What needs to be done:
Pictures aside, the data must be reproduced exactly.
[[ Collected material open ]]
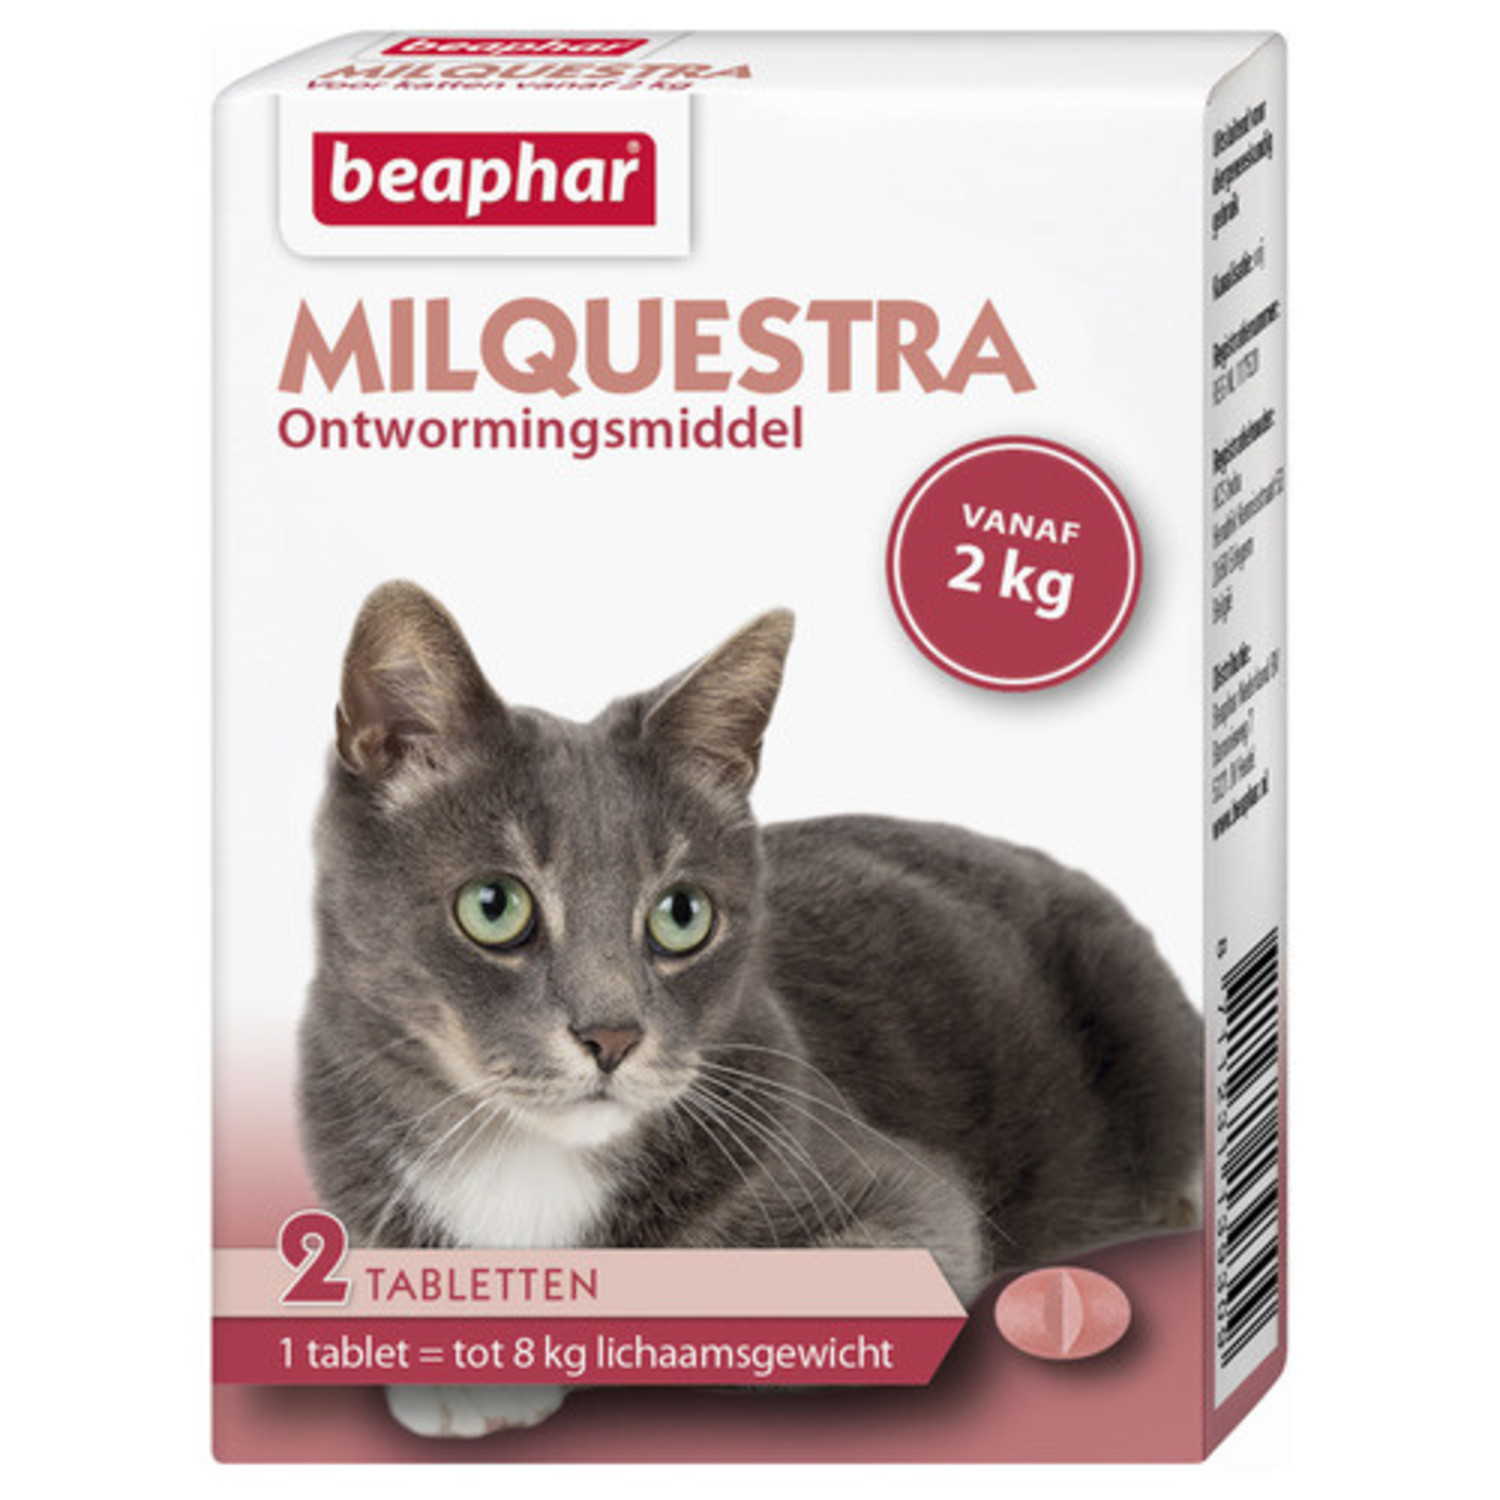 Hectare Wiskundig Luchten Beaphar Milquestra Milquestra ontwormingsmiddel kat - Agridiscounter
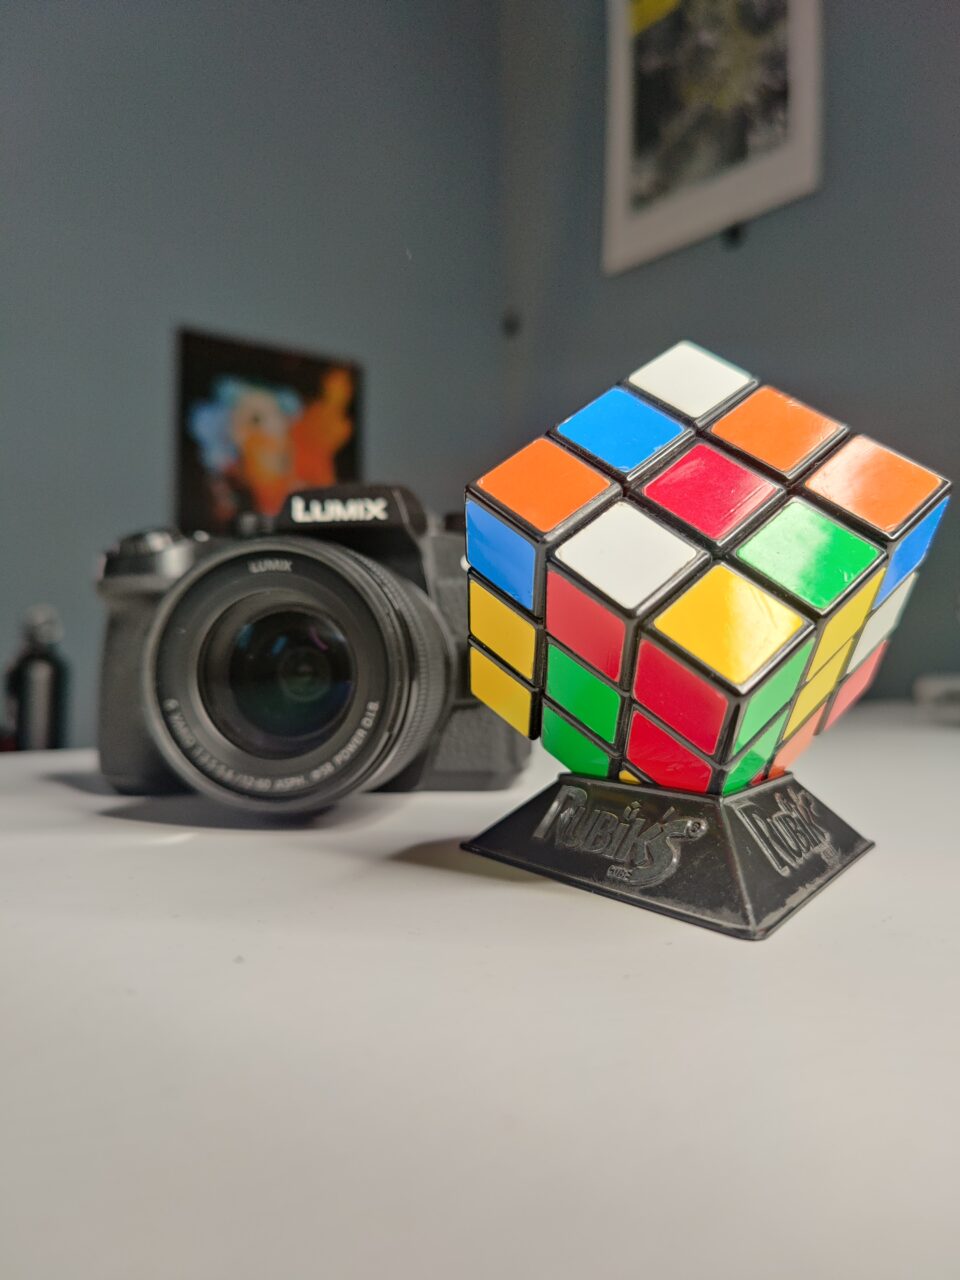 Kostka Rubika na pierwszym planie na czarnym stojaku, z rozmytym aparatem fotograficznym Panasonic Lumix w tle oraz plakatami na ścianie.
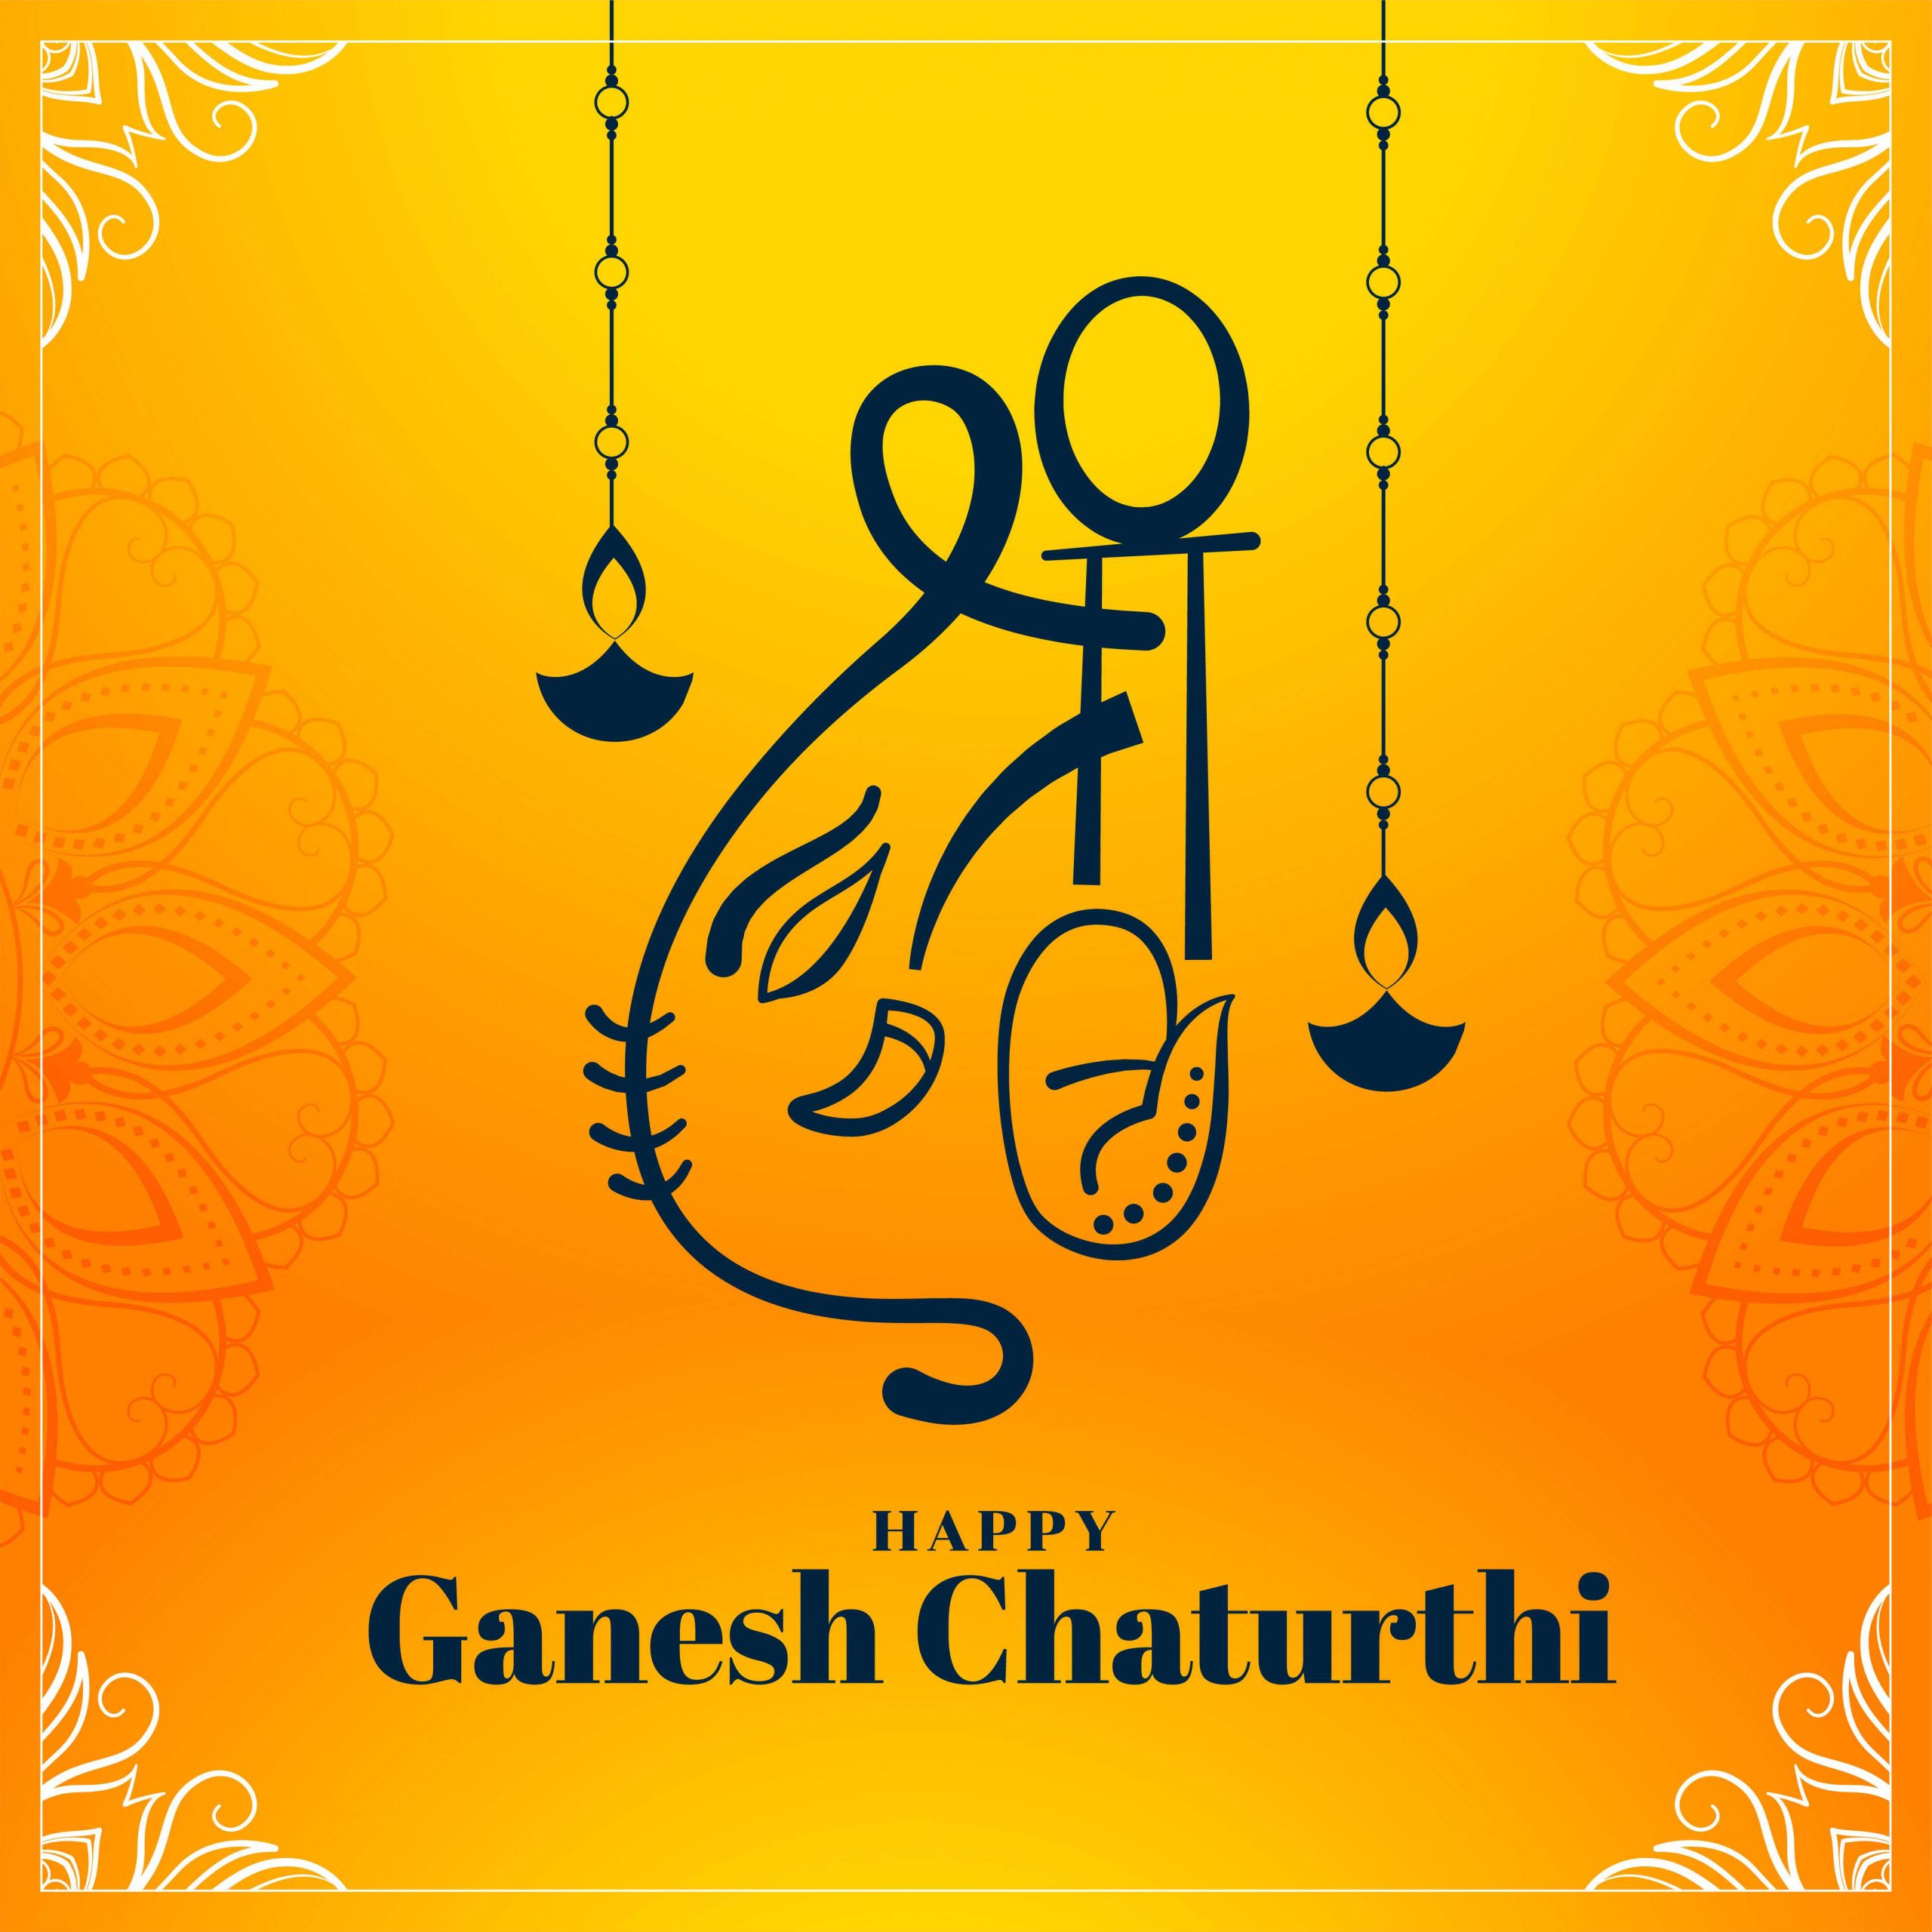 Ganesh Chaturthi wallpaper
[[ Collected material closed ]]
Reply:
 Hectare Wiskundig Luchten Beaphar Milquestra Milquestra ontwormingsmiddel kat - Agridiscounter
 Kostka Rubika na pierwszym planie na czarnym stojaku, z rozmytym aparatem fotograficznym Panasonic Lumix w tle oraz plakatami na ścianie.
 Ganesh Chaturthi wallpaper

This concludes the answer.